I reflected for a moment. “Goodness only knows why Masloboev is turning up with his mysteriousness. What sort of terms has he got on to with her? I ought to see him,” I thought.

“Well, what is it to you, Nellie, if he does desert her?”

“Why, you love her so much,” said Nellie, not lifting her eyes to me. “And if you love her you’ll marry her when he goes away.”

“No, Nellie, she doesn’t love me as I love her, and I . . . no, that won’t happen, Nellie.”

“And I would work for you both as your servant and you’d live and be happy,” she said, almost in a whisper, not looking at me.

“What’s the matter with her? What’s the matter with her?” I thought, and I had a disturbing pang at my heart. Nellie was silent and she didn’t say another word all the evening. When I went out she had been crying, and cried the whole evening, as Alexandra Semyonovna told me, and so fell asleep, crying. She even cried and kept saying something at night in her sleep.

But from that day she became even more sullen and silent, and didn’t speak to me at all. It is true I caught two or three glances stolen at me on the sly, and there was such tenderness in those glances. But this passed, together with the moment that called forth that sudden tenderness, and as though in opposition to this impulse Nellie grew every hour more gloomy even with the doctor, who was amazed at the change in her character. Meanwhile she had almost completely recovered, and the doctor, at last allowed her to go for a walk in the open air, but only for a very short time. It was settled weather, warm and bright. It was Passion Week, which fell that year very late; I went out in the morning; I was obliged to be at Natasha’s and I intended to return earlier in order to take Nellie out for a walk. Meantime I left her alone at home.

I cannot describe what a blow was awaiting me at home. I hurried back. When I arrived I saw that the key was sticking in the outside of the lock. I went in. There was no one there. I was numb with horror. I looked, and on the table was a piece of paper, and written in pencil in a big, uneven handwriting:

“I have gone away, and I shall never come back to you. But I love you very much. —— Your faithful Nellie.”

I uttered a cry of horror and rushed out of the flat.

Chapter XL

BEFORE I had time to run out into the street, before I had time to consider how to act, or what to do, I suddenly saw a droshky standing at the gate of our buildings, and Alexandra Semyonovna getting out of it leading Nellie by the arm. She was holding her tightly as though she were afraid she might run away again. I rushed up to them.

“Nellie, what’s the matter?” I cried, “where have you been, why did you go?”

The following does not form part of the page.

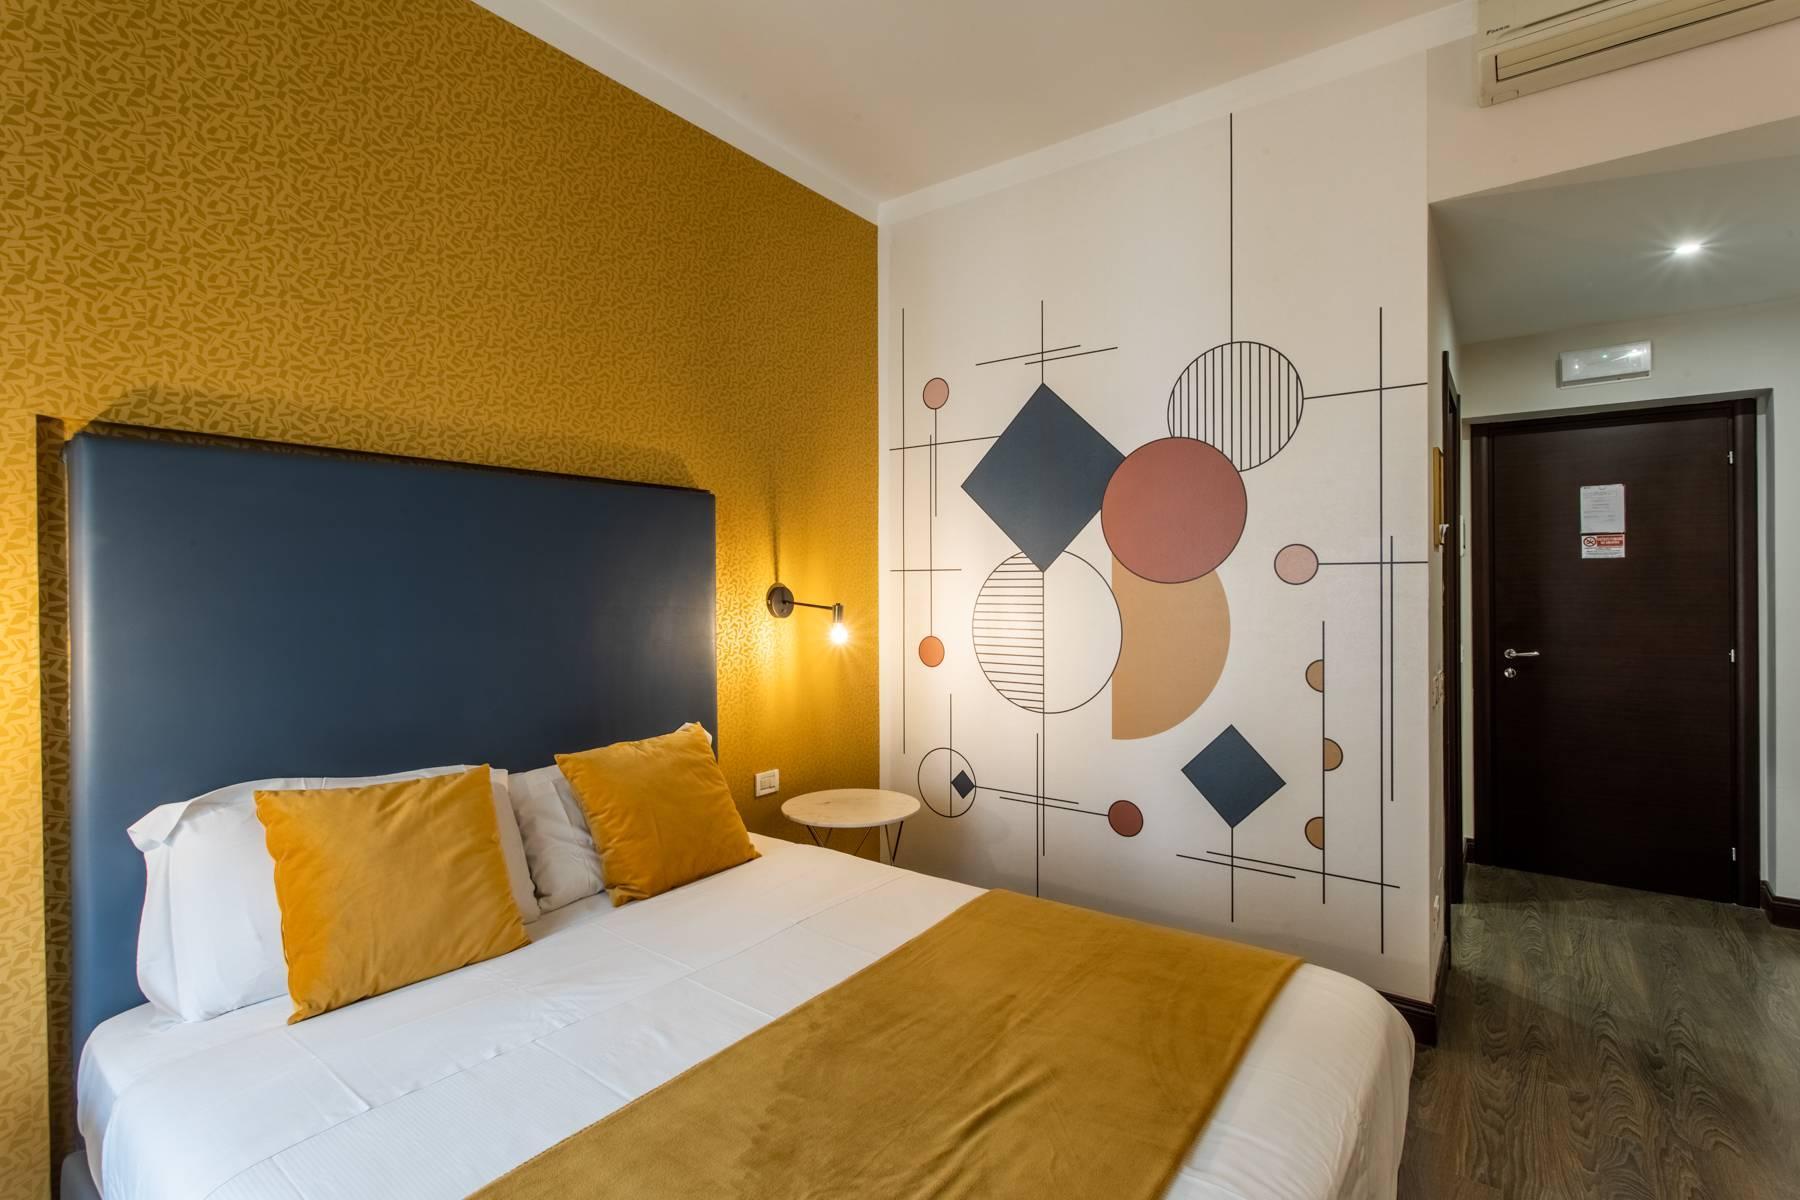 Appartamento dal design moderno a pochi passi da piazza del Popolo - 14

“Stop a minute, don’t be in a hurry; let’s make haste upstairs. There you shall hear all about it,” twittered Alexandra Semyonovna. “The things I have to tell you, Ivan Petrovitch,” she whispered hurriedly on the way. “One can only wonder . . . Come along, you shall hear immediately.”

Her face showed that she had extremely important news.

“Go along, Nellie, go along. Lie down a little,” she said as soon as we got into the room, “you’re tired, you know; it’s no joke running about so far, and it’s too much after an illness; lie down, darling, lie down. And we’ll go out of the room for a little, we won’t get in her way; let her have a sleep.”

And she signed to me to go into the kitchen with her.

But Nellie didn’t lie down, she sat down on the sofa and hid her face in her hands.

We went into the other room, and Alexandra Semyonovna told me briefly what had happened. Afterwards I heard about it more in detail. This is how it had been.

Going out of the flat a couple of hours before my return and leaving the note for me, Nellie had run first to the old doctor’s. She had managed to find out his address beforehand. The doctor told me that he was absolutely petrified when he saw her, and “could not believe his eyes” all the while she was there. “I can’t believe it even now,” he added, as he finished his story “and I never shall believe it.” And yet Nellie actually had been at his house. He had been sitting quietly in the armchair in his study in his dressing-gown, drinking his coffee, when she ran in and threw herself on his neck before he had time to realize it. She was crying, she embraced and kissed him, kissed his hands, and earnestly though incoherently begged him to let her stay with him, declaring that she wouldn’t and couldn’t live with me any longer, and that’s why she had left me; that she was unhappy; that she wouldn’t laugh at him again or talk about new dresses, but would behave well and learn her lessons, that she would learn to “wash and get up his shirt-front” (probably she had thought over her whole speech on the way or perhaps even before), and that, in fact, she would be obedient and would take as many powders as he liked every day; and that as for her saying she wanted to marry him that had only been a joke, and she had no idea of the kind. The old German was so dumbfounded that he sat open-mouthed the whole time, forgetting the cigar he held in his hand till it went out.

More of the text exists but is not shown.